In the material below, pictures must be dropped. Repeat exactly, and only, the lines from the line with "Brabantia New Icon" to the line with "Best Bulk SMS", both ends included.

Provided entries:
----------

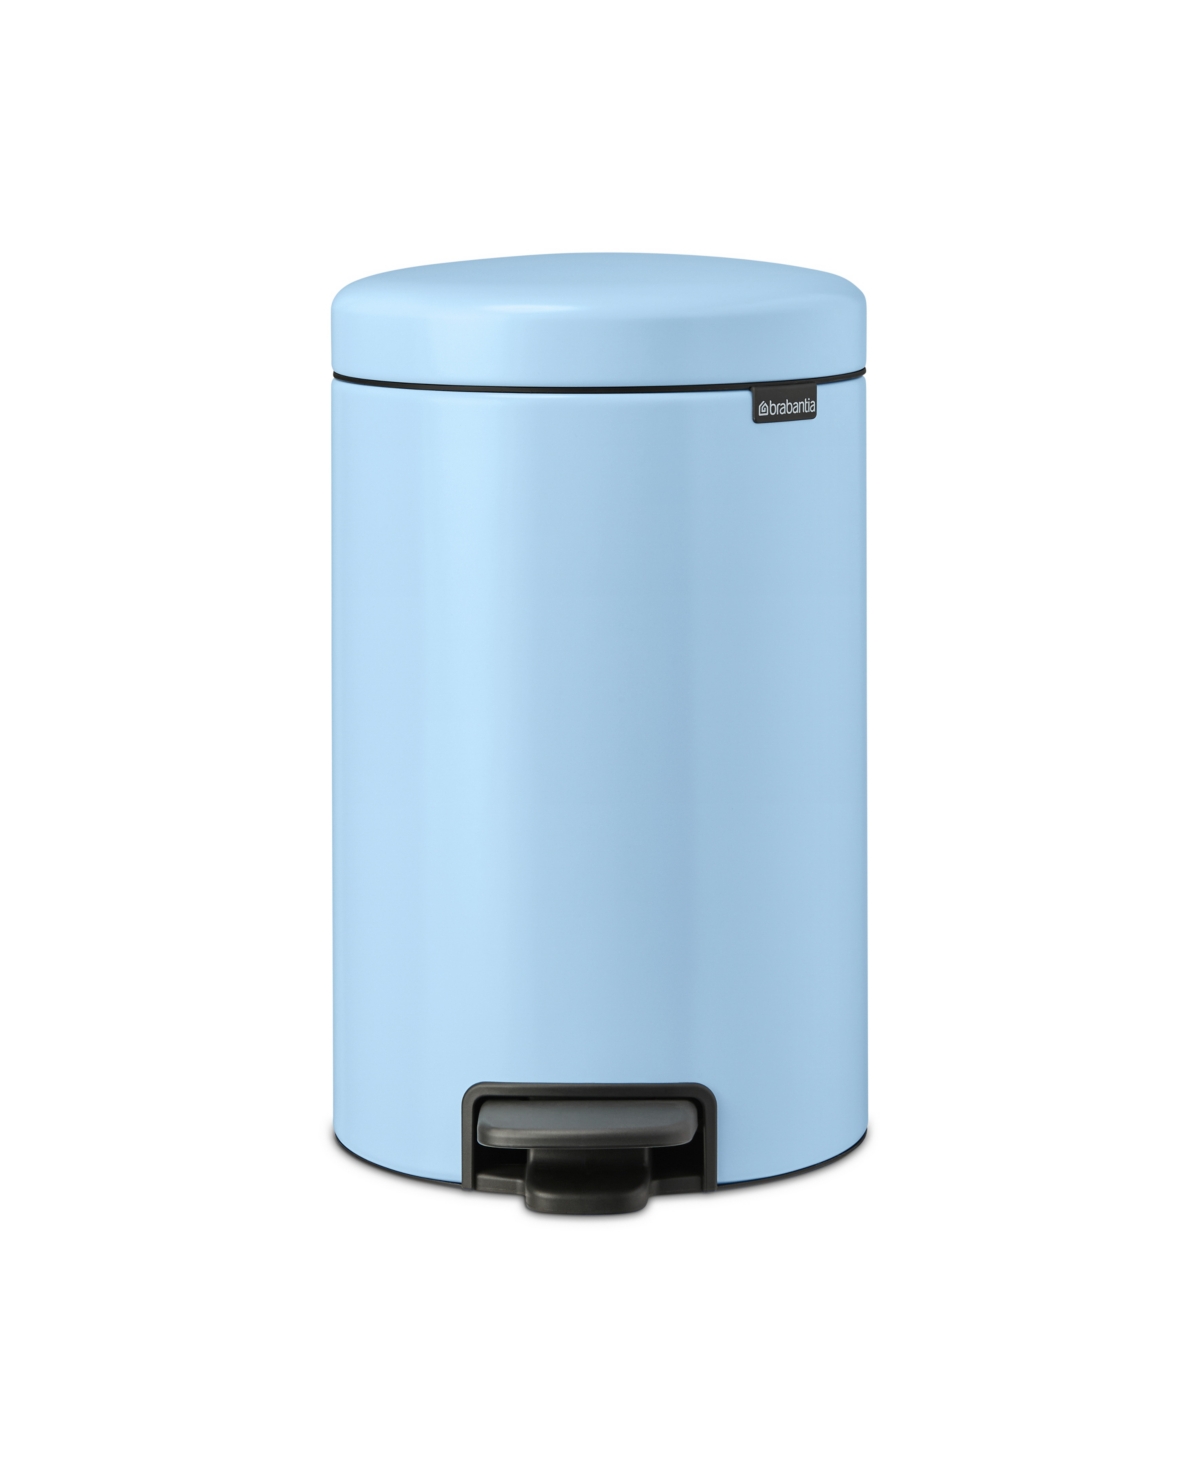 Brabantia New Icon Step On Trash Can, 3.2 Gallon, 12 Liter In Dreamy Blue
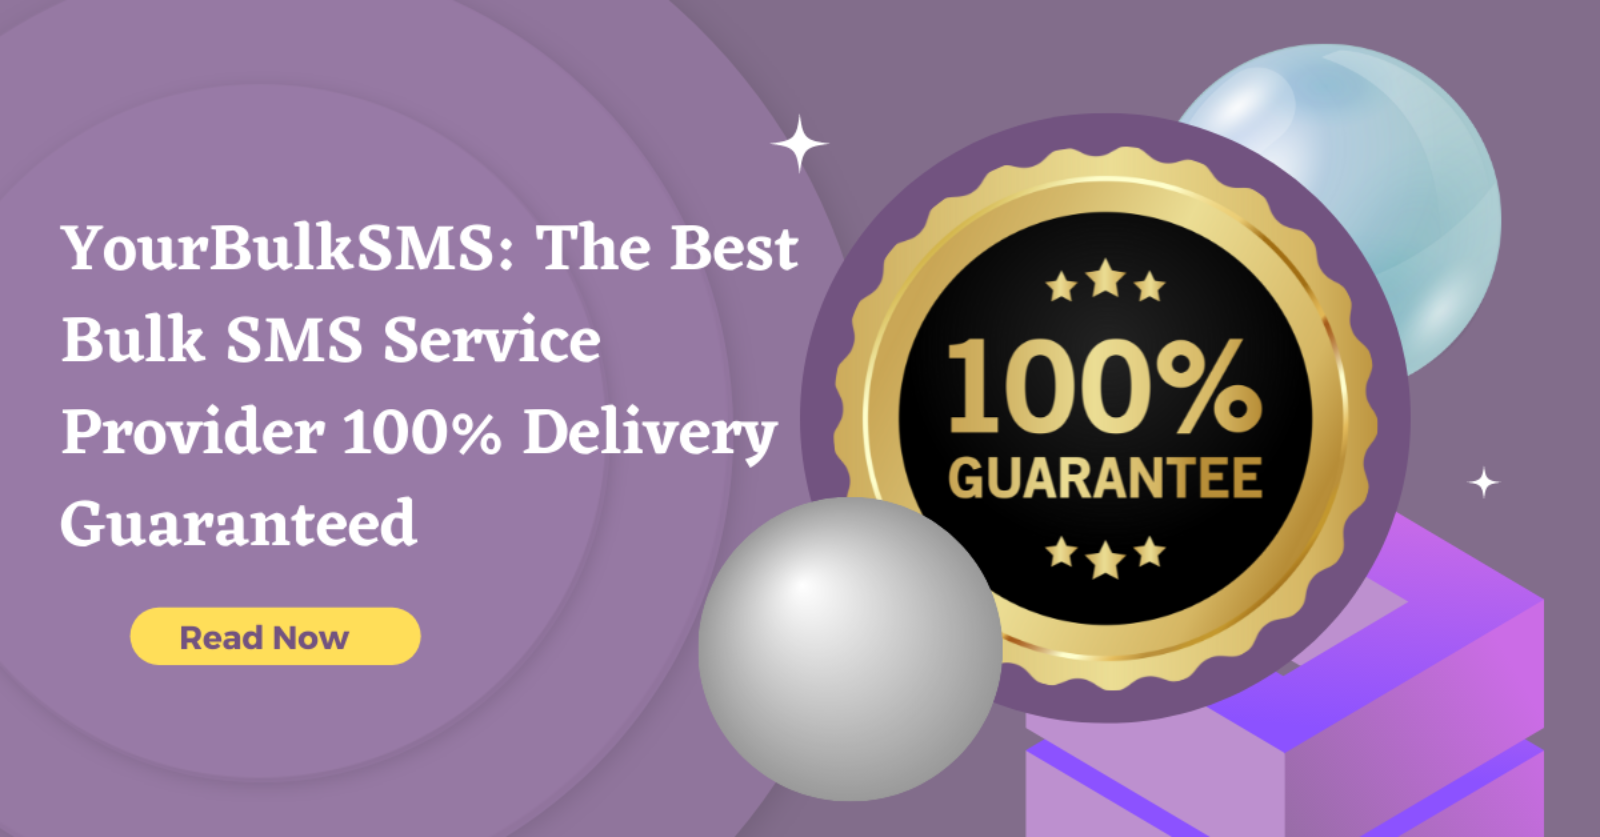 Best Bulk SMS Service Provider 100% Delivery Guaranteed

----------

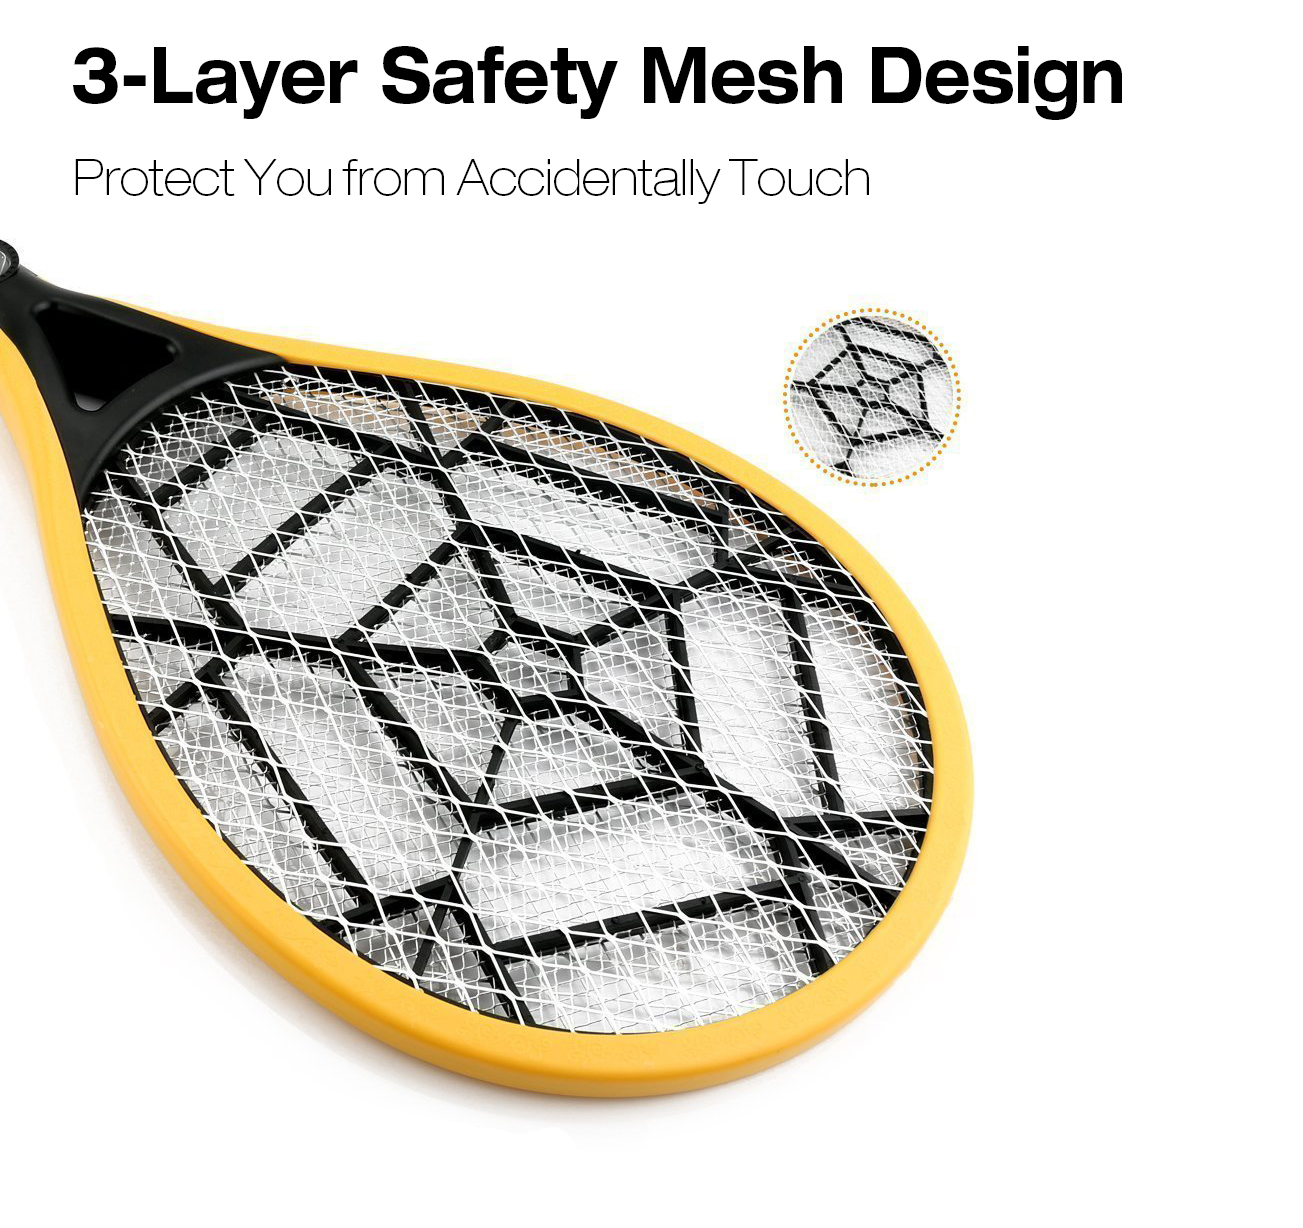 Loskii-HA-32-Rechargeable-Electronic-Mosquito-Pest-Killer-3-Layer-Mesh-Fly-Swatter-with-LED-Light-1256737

----------

Output for this task:
 Brabantia New Icon Step On Trash Can, 3.2 Gallon, 12 Liter In Dreamy Blue
 Best Bulk SMS Service Provider 100% Delivery Guaranteed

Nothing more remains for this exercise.